Inhibition of tumor necrosis factor receptor associated factor 6 regulates mTORC1/ULK1 signaling and promotes autophagy to improve myocardial injury in sepsis mice

doi:10.12307/2025.800

Abstract

Abstract: BACKGROUND: Studies have found that inhibition of tumor necrosis factor receptor-associated factor 6 improves myocardial function and promotes myocardial autophagy in sepsis, but the specific mechanism is not clear.
OBJECTIVE: To explore the effect of inhibiting tumor necrosis factor receptor-associated factor 6-regulated mTORC1/ULK1 autophagy signaling pathway on myocardial injury in sepsis mice.
METHODS: Thirty male Kunming mice were randomly divided into sham operation group, cecal ligation and puncture group (model group), model+tumor necrosis factor receptor-associated factor 6 specific inhibitor C25-140 (model+C) group, model+C25-140+autophagy inhibitor 3-methyladenine (model+C+3-MA) group, and model+C25-140+mTORC1-specific agonist MHY1485 (model+C+M) group.
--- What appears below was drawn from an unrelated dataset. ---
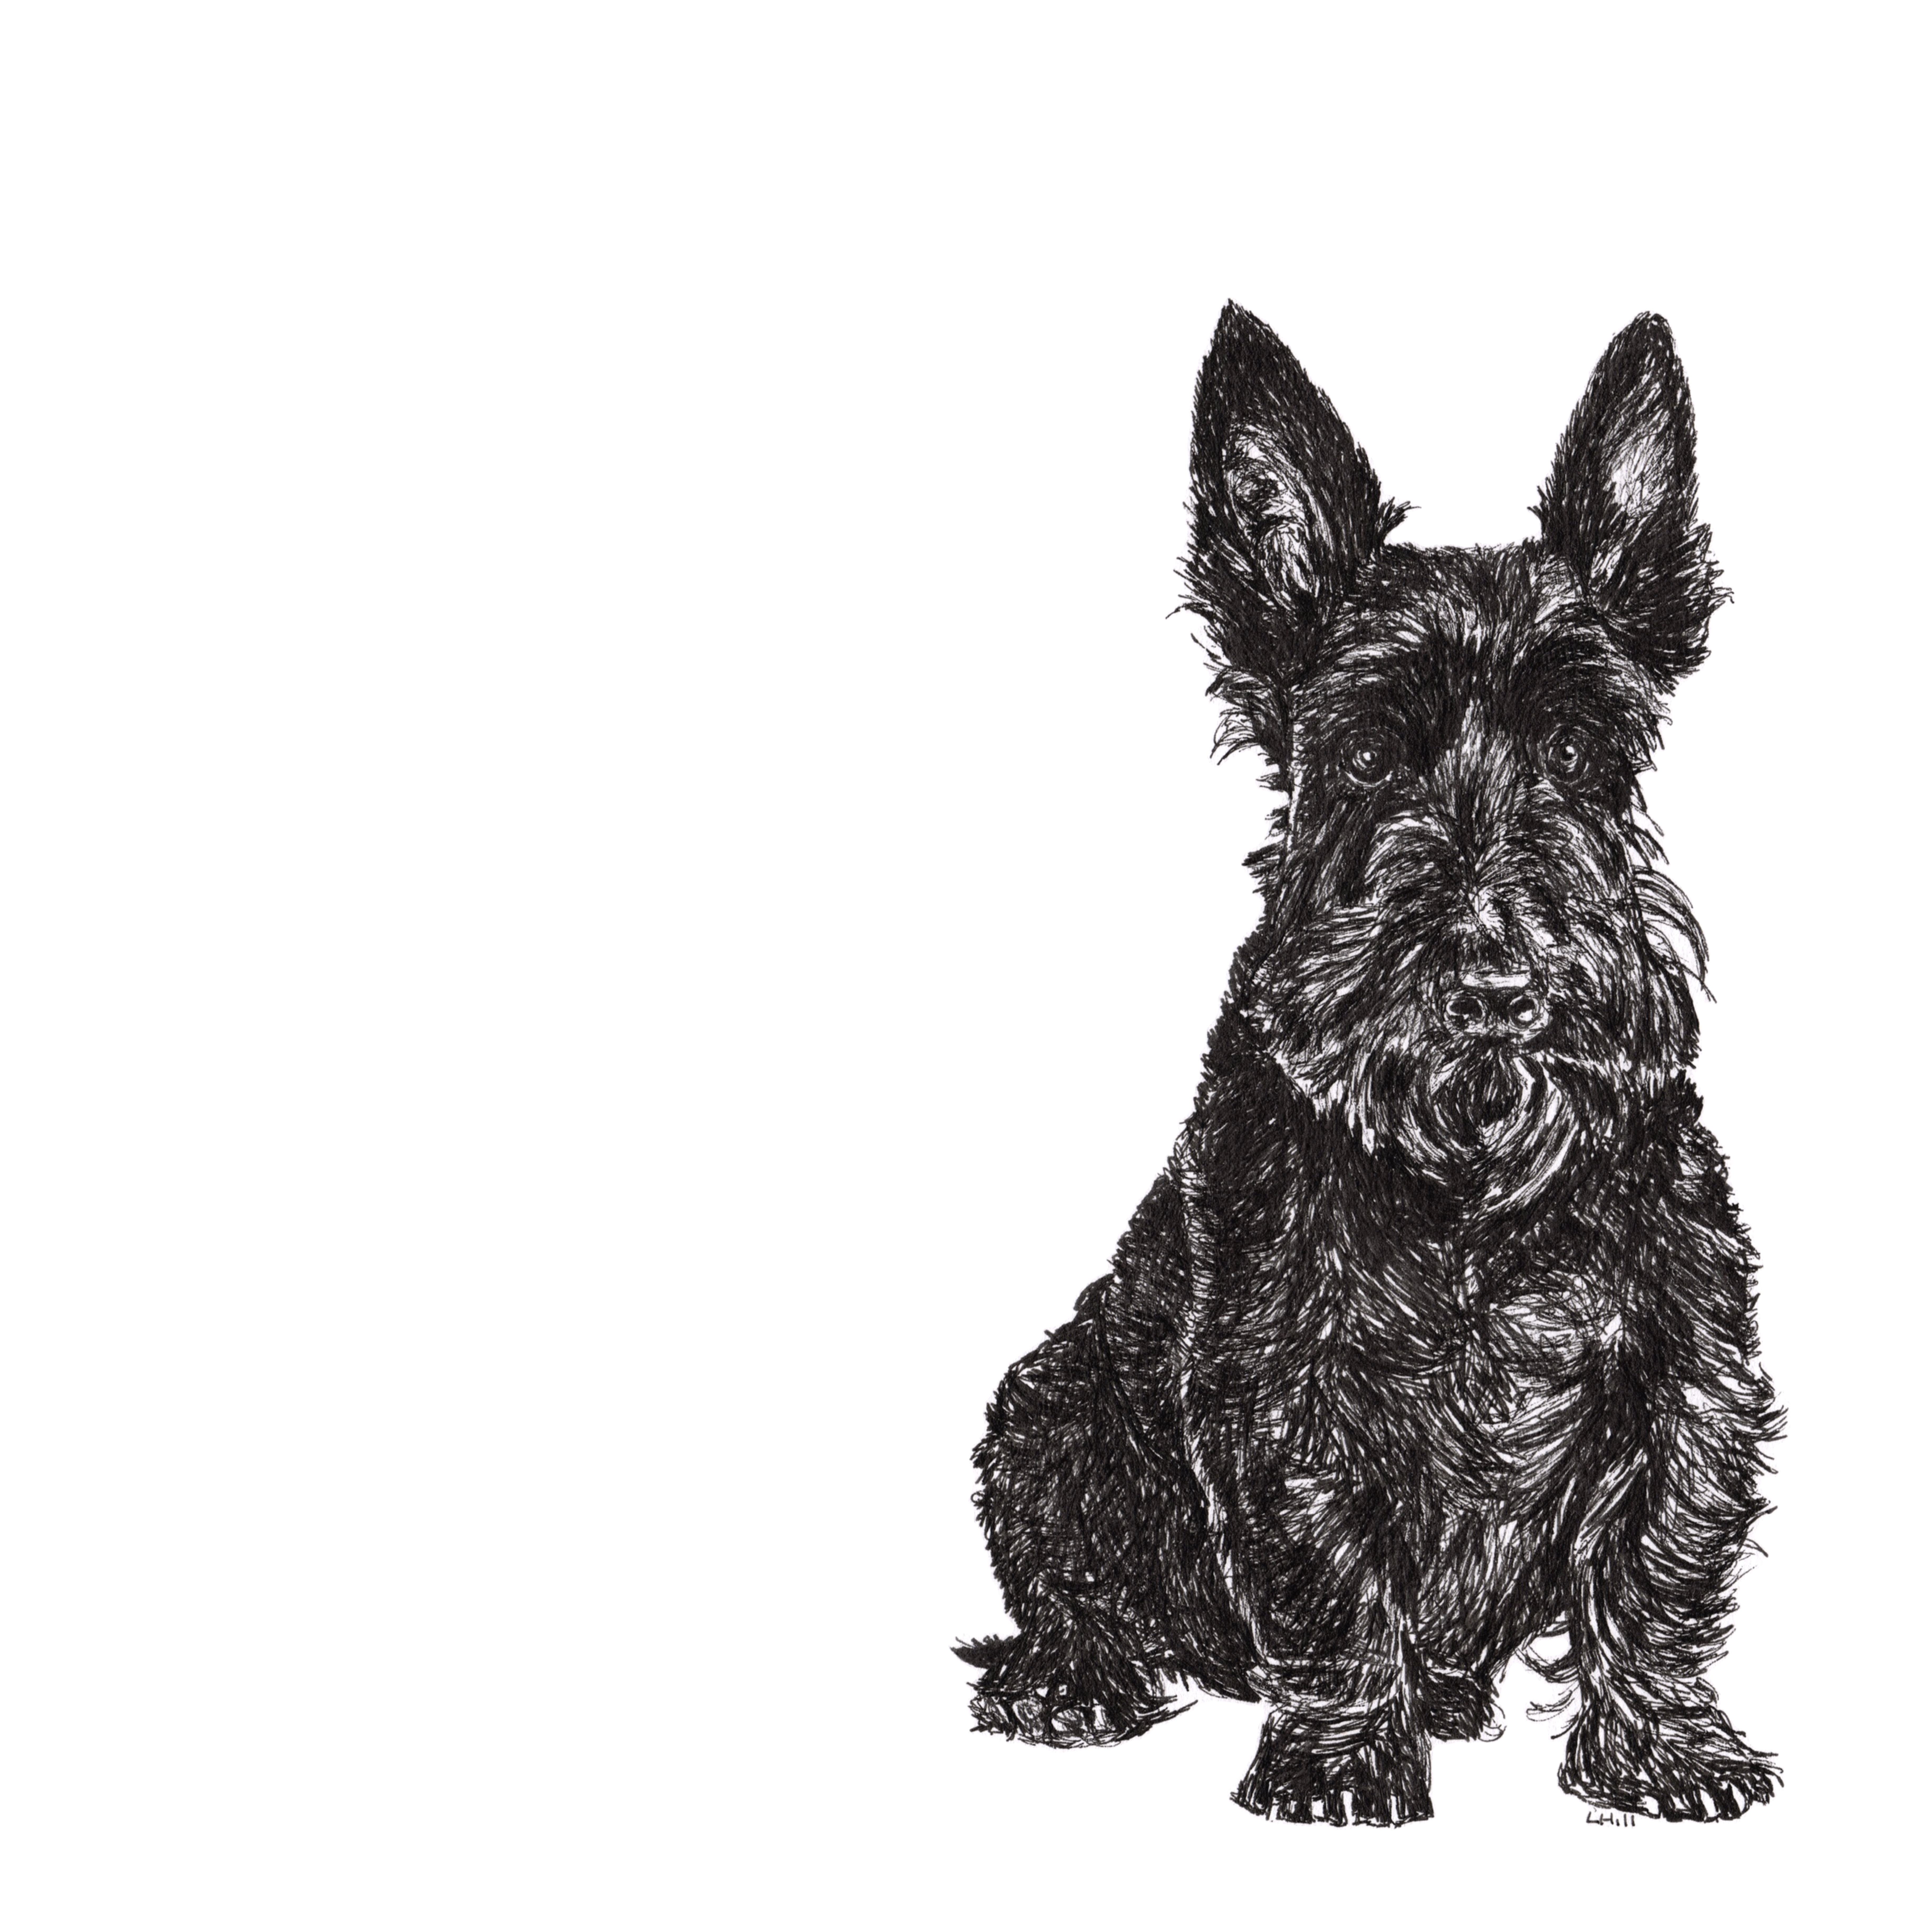 Scottish Terrier pen and ink illustration by Louisa Hill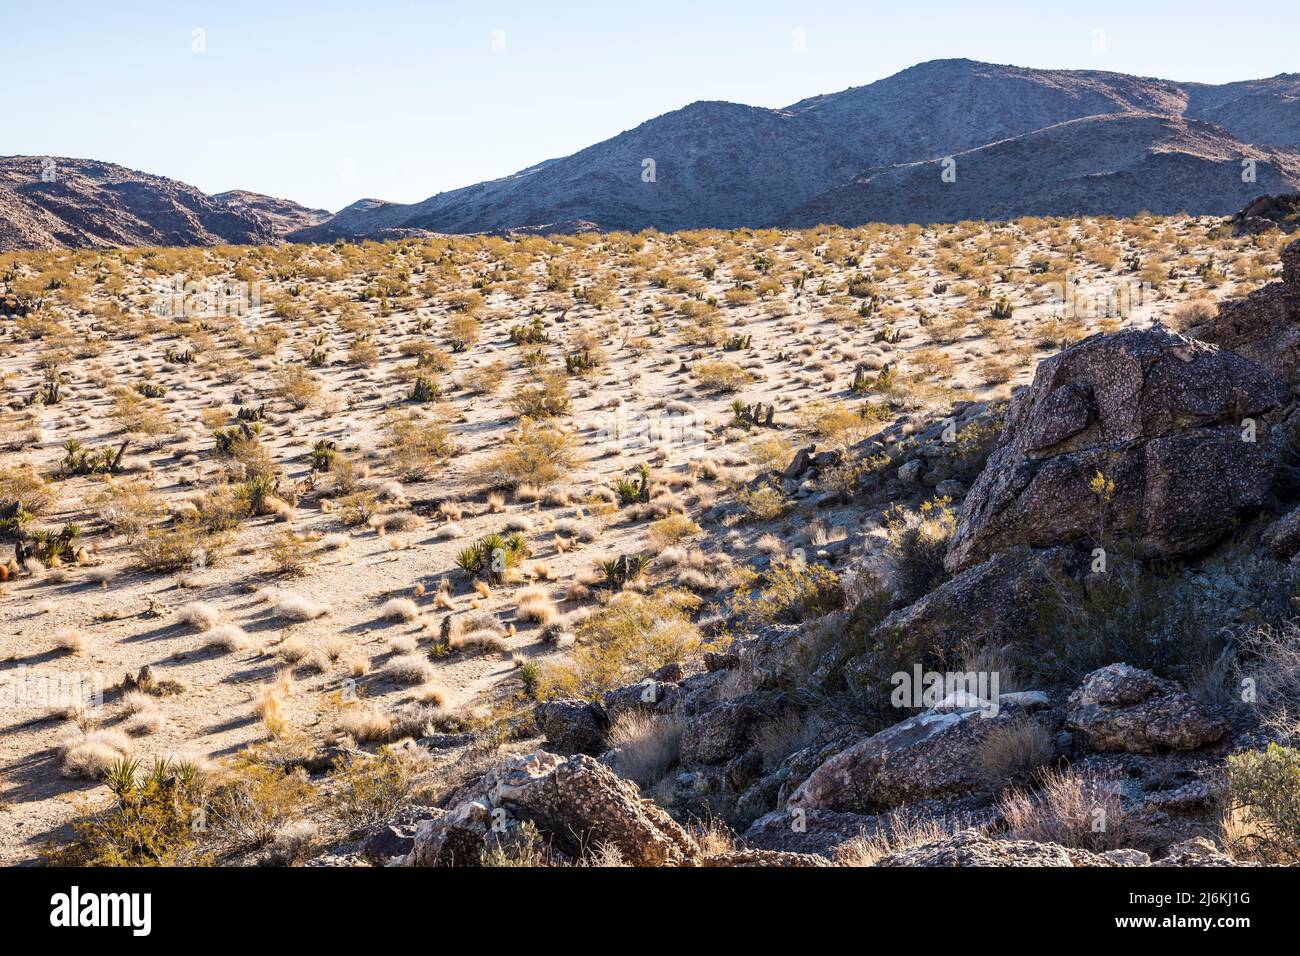 Mountains and Creosote flats near the Indian Cove entrance to Joshua Tree National Park. Stock Photo

The cecum of mice in the sham operation group was not ligated or punctured. The mice in the other groups underwent cecum ligation and puncture to establish the mouse sepsis model. C25-140, 3-methyladenine, and MHY1485 were intraperitoneally injected 0.5 hours after surgery according to the grouping. Myocardial tissue was obtained 24 hours after surgery. Hematoxylin-eosin staining was used to evaluate myocardial inflammatory lesions. Transmission electron microscopy was used to observe the changes in the autophagic bodies and mitochondrial microstructures of myocardial cells. TUNEL assay was used to detect myocardial cell apoptosis. PCR was used to detect the relative expression of tumor necrosis factor receptor-associated factor 6 mRNA. Western blot assay was used to detect the expression of related proteins.
RESULTS AND CONCLUSION: (1) Compared with sham operation group, myocardial inflammatory cell infiltration and fibrous edema were observed in the model group. The mitochondria of the cells were obviously swollen, and autophagosomes were occasionally seen; cardiomyocyte apoptosis increased significantly; the expression of tumor necrosis factor receptor-associated factor 6, phosphorylated nuclear factor κB P65/P65, p-mTOR/mTOR, p-ULK1/ULK1, P62 and Bax protein increased, and the expression of Bcl2 protein decreased (P < 0.05). (2) Compared with the model group, myocardial inflammation and fibrous edema were alleviated in the model+C group. Myocardial mitochondrial swelling was reduced and autophagosomes increased; cardiomyocyte apoptosis decreased; the expression of phosphorylated nuclear factor κB P65/nuclear factor-κB P65, p-mTOR/mTOR, p-ULK1/ULK1, P62, and Bax protein decreased, while the Beclin-1 and Bcl2 protein increased (P < 0.05). (3) Compared with the model+C group, myocardial autophagosomes decreased and myocardial mitochondrial swelling was more obvious in the model+C+3-MA group. Myocardial inflammation was aggravated; myocardial cell apoptosis increased; the expression of phosphorylated nuclear factor κB P65/nuclear factor κB P65, P62, and Bax protein increased, and the Beclin-1 and Bcl2 protein decreased (P < 0.05). (4) Compared with the model+C group, the expression of p-mTOR/mTOR and p-ULK1/ULK1 in the model+C+M group increased, and the Beclin-1 and microtubule-associated protein 1 light chain 3 II/I protein expression decreased (P < 0.05). It is concluded that inhibition of tumor necrosis factor receptor-associated factor 6 regulates mTORC1/ULK1 autophagy signal to promote myocardial autophagy and participate in the protection of myocardial injury in sepsis.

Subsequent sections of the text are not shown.